Furthermore, it remains obvious that even our best specific models require vastly more training (number of examples + time) and energy than a human or animal to reach similar performance, wherever comparable. This may be due to the 'hidden' learning that has been happening in the millions of years of evolution that are encoded in any living being today, but it may also be that we are missing some fundamental advancements in the act of learning itself




The Turing is not about intelligence, it's about being able to credibly ape humans. You don't need to be able to credibly describe what it's like to fall from a bike or to fall in love in order to be intelligent... But you have to in order to pass a Turing test.
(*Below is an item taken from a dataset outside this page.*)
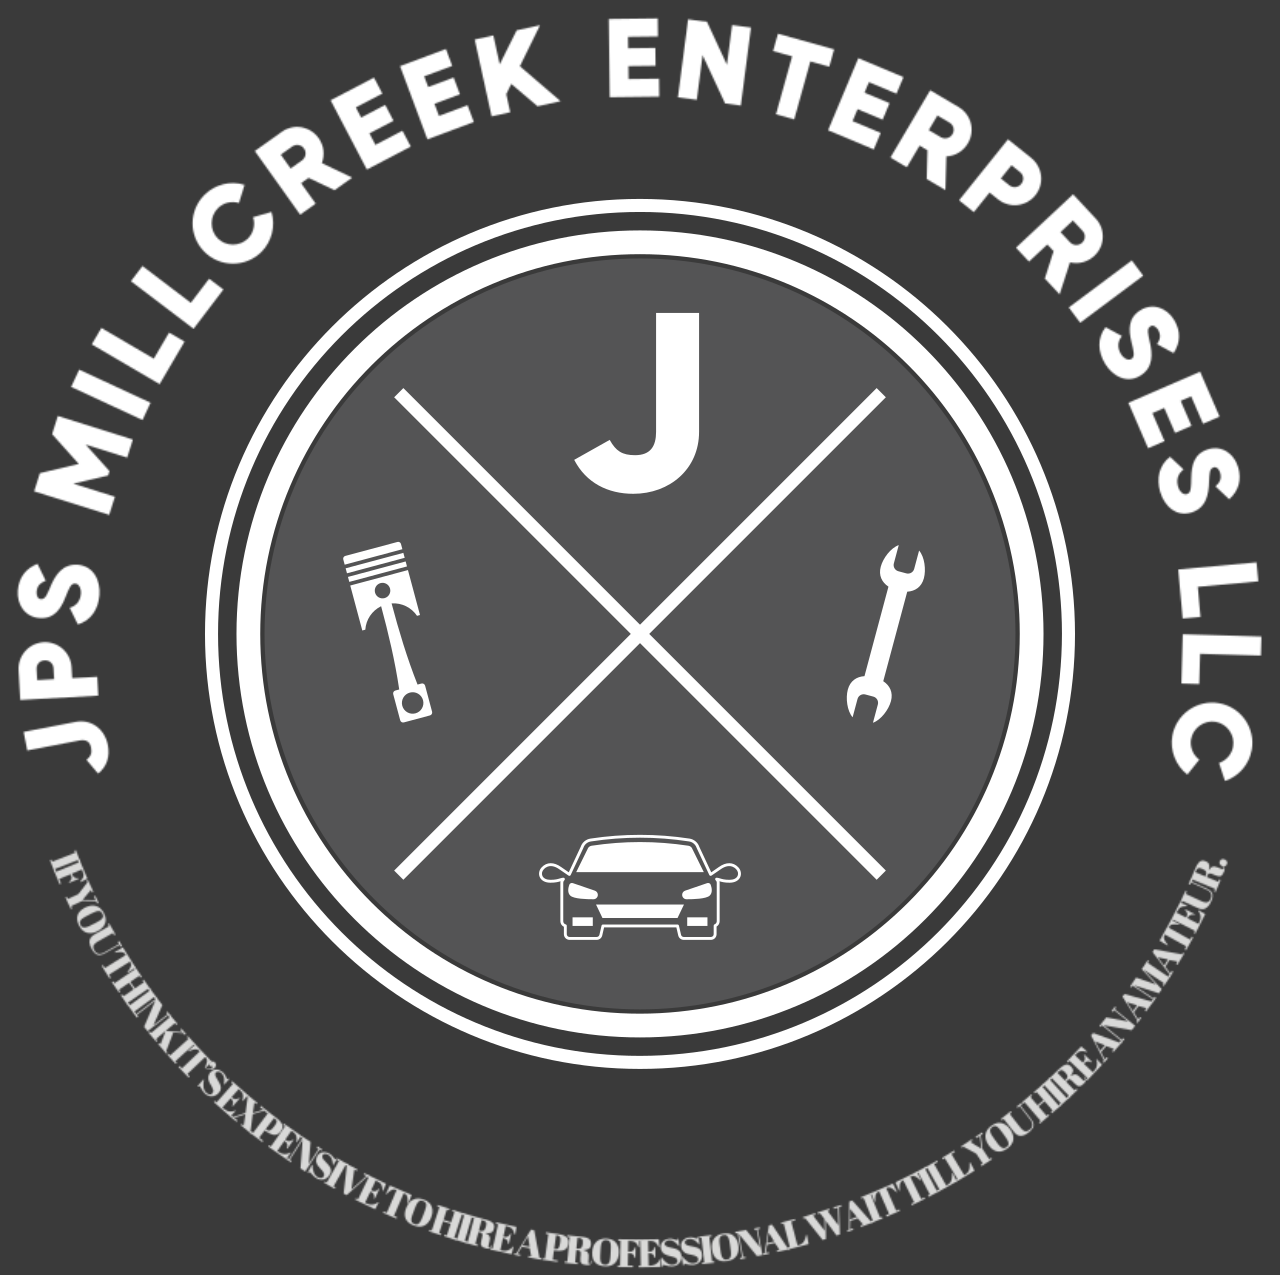 JPS MILLCREEK ENTERPRISES LLC's web page

The first chat bots that I remember claiming to have passed the Turing test were actually credibly dumb (mimicking a teenage, non-native English speaker with deliberate grammar mistakes to paper over misunderstandings).


The Turing test ('the imitation game') was designed as an objective way to answer the question 'can this machine think'. The fact that it can be gamed by feigning stupidity or bad language skills is a weakness of the specifics of the test perhaps, but not the idea in principle.

Instead, the idea is to have an open-ended conversation with the machine, to explore its ability to display general human-level intelligence. It's true that intelligence in general is far more broad (after all, an ant colony would not even begin to pass the Turing test, but it still possesses general intelligence in a way that no AI does yet.

Building an artificial ant colony (or even 1 artificial ant that lives in a real colony) with all of the problem-solving abilities of a real one would still be a monumental achievement in AI. I think there is even hope that if we could do that, advancing to human level intelligence and beyond would be just around the corner, though that remains to be seen.


Insect-level intelligence in robots would already be extremely dangerous IMO.

Especially if they were equipped with reasonable models of our "fast thinking" pathways, which aren't that smart to begin with and are already easily gamed by bots on the Web.